ここまで見てきたように、2020年4月の緊急事態宣言下では、非労働力化の進展、休業者の急増、労働時間の大幅削減が失業率の上昇を抑制した。そして、緊急事態宣言解除を受けた経済活動再開後は、実質GDP成長率が大きく上振れるなど、想定を上回るペースで景気が回復してきたことが雇用調整圧力の緩和に寄与した。また、極めて厳しい状況にある宿泊・飲食サービス業から他産業への転職が進んだことも失業率の上昇を抑制した。
(緊急事態宣言の再発令で雇用調整圧力が再び高まる恐れ)
雇用情勢は2020年末にかけて最悪期を脱しつつあったが、2021年1月に緊急事態宣言が再発令されたため、持ち直しを続けてきた景気が再び悪化することは確実となった。2021年1-3月期は個人消費の落ち込みを主因としてマイナス成長となる可能性が高い。前回の緊急事態宣言時は、飲食店、遊興施設、百貨店などが全面休業に追い込まれたのに対し、今回は飲食店の営業時間短縮、大規模イベントの人数制限など規制の範囲が狭い。また、前回の緊急事態宣言では、当初7都府県に限定されていた対象地域がその後全国に拡大されたが、今回は対象地域が限られている。これらのことを踏まえれば、個人消費への悪影響は前回の緊急事態宣言時よりも小さくなる可能性が高い。

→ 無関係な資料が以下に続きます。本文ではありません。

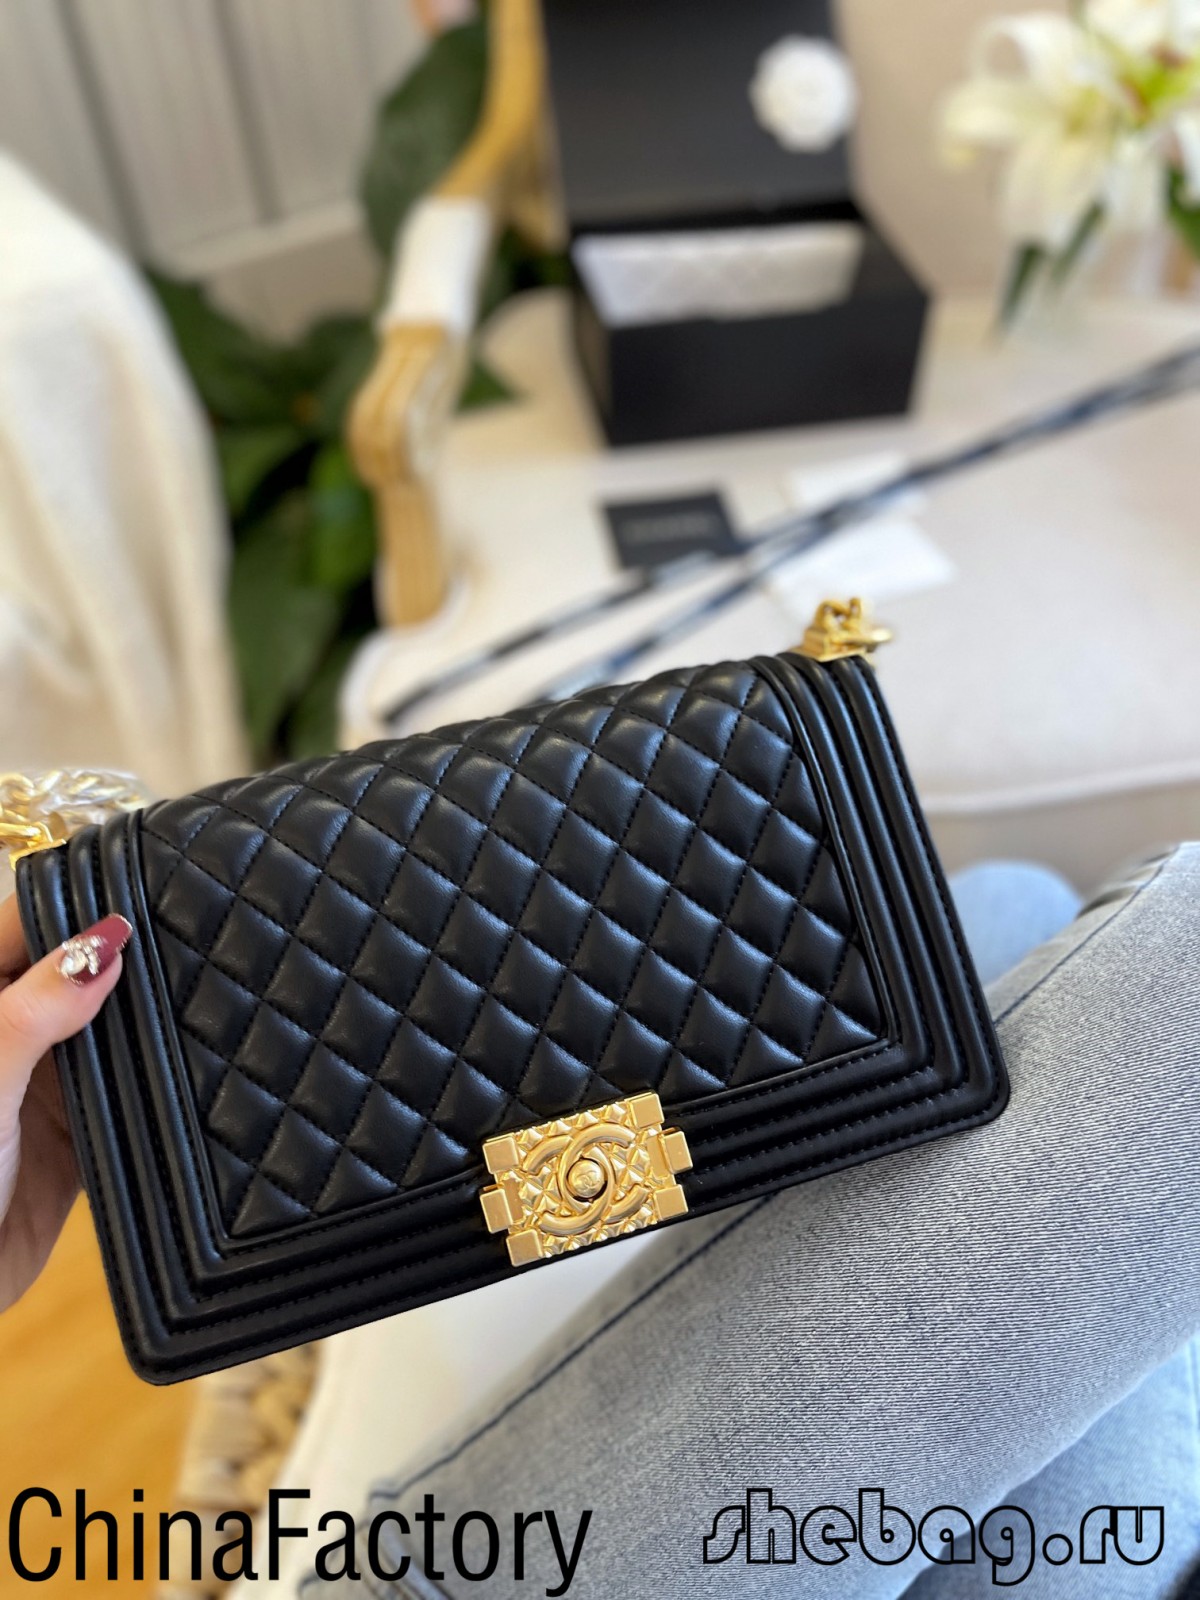 Miglior qualità 2.55 fonti di replica borsa Chanel in Cina (aggiornato nel 2022)-Migliore negozio online di borsa Louis Vuitton falsa, Replica designer bag ru

ただし、経済活動の制限自体が前回の緊急事態宣言時より限定的だとしても、経済の耐久力が当時よりも大きく低下していることには注意が必要だ。たとえば、法人企業統計の経常利益はコロナ前の水準を2割以上下回っており、特に新型コロナウイルス感染症の影響を強く受けた宿泊業、飲食サービス業は2020年1-3月期から3四半期連続で赤字となっている。また、宿泊業、飲食サービス業は利益剰余金が前年から半減しており、そのうち資本金1千万~2千万円の中小企業では、利益剰余金の実額がマイナスとなっている。緊急事態宣言そのものによるインパクトが小さかったとしても、事業の継続が不可能となり、廃業や倒産に追い込まれる企業が一気に増え、失業者数が急増するリスクは前回の緊急事態宣言時よりも高くなっている。
図表14 新規就業者と前職の産業別失業者 (失業抑制策から雇用創出策へ)
雇用調整助成金の拡充が失業者の増加抑制に貢献してきたことは確かだが、経済活動の水準が元に戻らない中で無理に雇用を維持し続けることは、新規雇用、特に新卒採用の抑制につながる恐れがある。実際、新たな失業者(前職の産業別失業者)は一定程度抑えられているのに対し、新規就業者数は卸・小売業、宿泊・飲食サービス業を中心に減少ペースが加速している(図表14)。
図表15 新卒採用計画の推移 また、日銀短観2020年12月調査では、2011年度から増加が続いていた新卒採用計画が2020年度に前年比▲2.6%と10年ぶりの減少となった後、2021年度は同▲6.1%と減少幅が拡大した(図表15)。2021年度採用計画を業種別にみると、宿泊・飲食サービス業が前年比▲25.2%の大幅減少となっているほか、製造業も同▲10.8%の二桁減となるなど、ほとんどの業種が減少計画となっている。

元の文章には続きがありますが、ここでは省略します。